JOHANNESBURG – No último Inquérito Mercer sobre a Qualidade de Vida nas Cidades, a cidade mais bem classificada, Port Louis, na Maurícia, está em 83º lugar entre 231 cidades. Isso parece estar em conformidade com um padrão mais amplo: no que toca à qualidade de vida nas suas cidades, África fica atrás da maioria das outras regiões do mundo.

A fraca prestação das cidades africanas é um indício preocupante do planeamento urbano no continente, especialmente porque a urbanização que aí se verifica é imparável, independentemente do que os seus líderes tenham planeado para gerir o processo. Segundo a OCDE, como “as projecções para África apontam para a maior taxa de crescimento urbano no mundo”, as suas “cidades albergarão mais 950 milhões de pessoas” até 2050. Com estas tendências, os legisladores africanos necessitam urgentemente de tornar as cidades da região mais atraentes para os investidores, empresários e turistas internacionais, garantindo ao mesmo tempo que a urbanização se mantém inclusiva.

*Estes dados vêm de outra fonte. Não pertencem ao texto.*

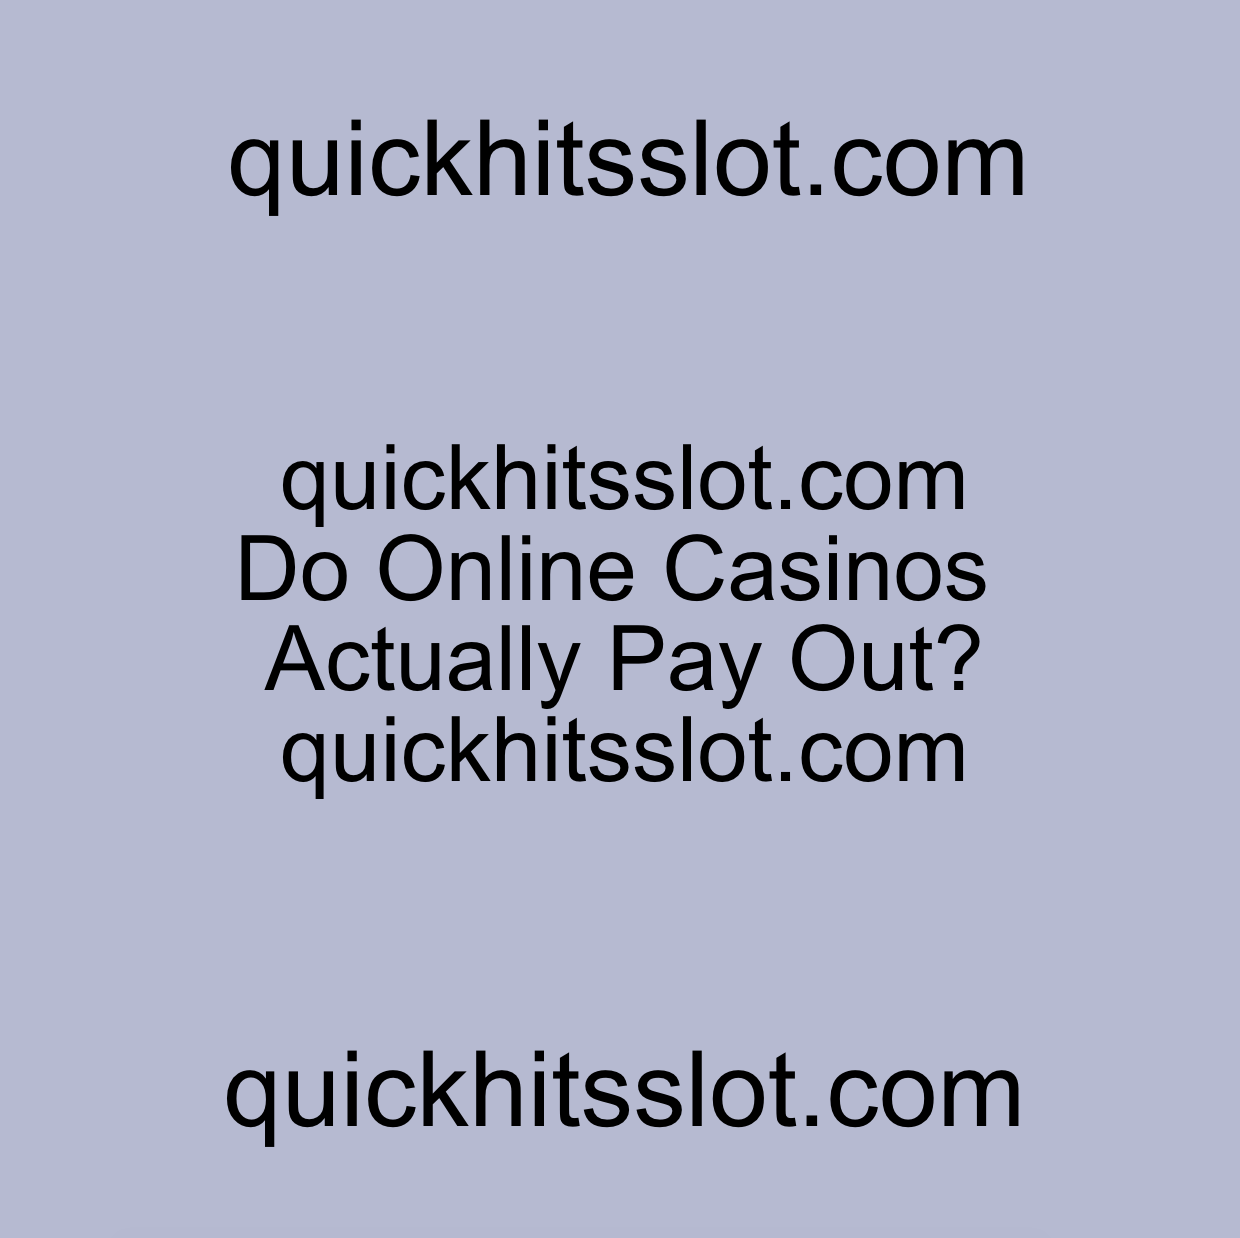 Do Online Casinos Actually Pay Out? quickhitsslot.com

Mas existe uma outra tendência fundamental que tem sido negligenciada: a importância crescente das cidades secundárias de África. A urbanização em África não tem apenas a ver com as megacidades emergentes como Joanesburgo, Kinshasa, Nairobi, Cartum, Casablanca e o Grande Cairo, que só por si terá uns estimados 38 milhões de pessoas em 2050. A população também está pujante nas “cidades intermédias” de África que ligam as áreas remotas e rurais a centros urbanos de maiores dimensões.

As cidades secundárias desempenharão um papel central no combate aos desafios sociais económicos e políticos que se prevêem. Contudo, não estão normalmente no radar da maioria dos legisladores. Por exemplo, existe uma lamentável falta de dados exaustivos sobre criminalidade e policiamento nas cidades secundárias africanas. E quando grupos de reflexão e instituições multilaterais publicam relatórios especiais sobre a urbanização africana, tendem a centrar-se apenas nas conquistas e nos desafios associados às cidades mais importantes, enquanto ignoram os problemas de governação, as condições económicas e o desenvolvimento de infra-estruturas em áreas menos urbanizadas.

Felizmente, a Africapolis, uma parceria entre o Clube do Sahel e da África Ocidental da OCDE e a e-Geopolis.org, compilou dados novos e valiosos para expandir o âmbito do debate sobre a urbanização de África. Ao integrar dados sobre milhares de aglomerações populacionais – muitas com menos de 100 000 habitantes – a Africapolis fornece um conjunto de provas que os legisladores podem usar para avaliar a implementação dos processos de urbanização.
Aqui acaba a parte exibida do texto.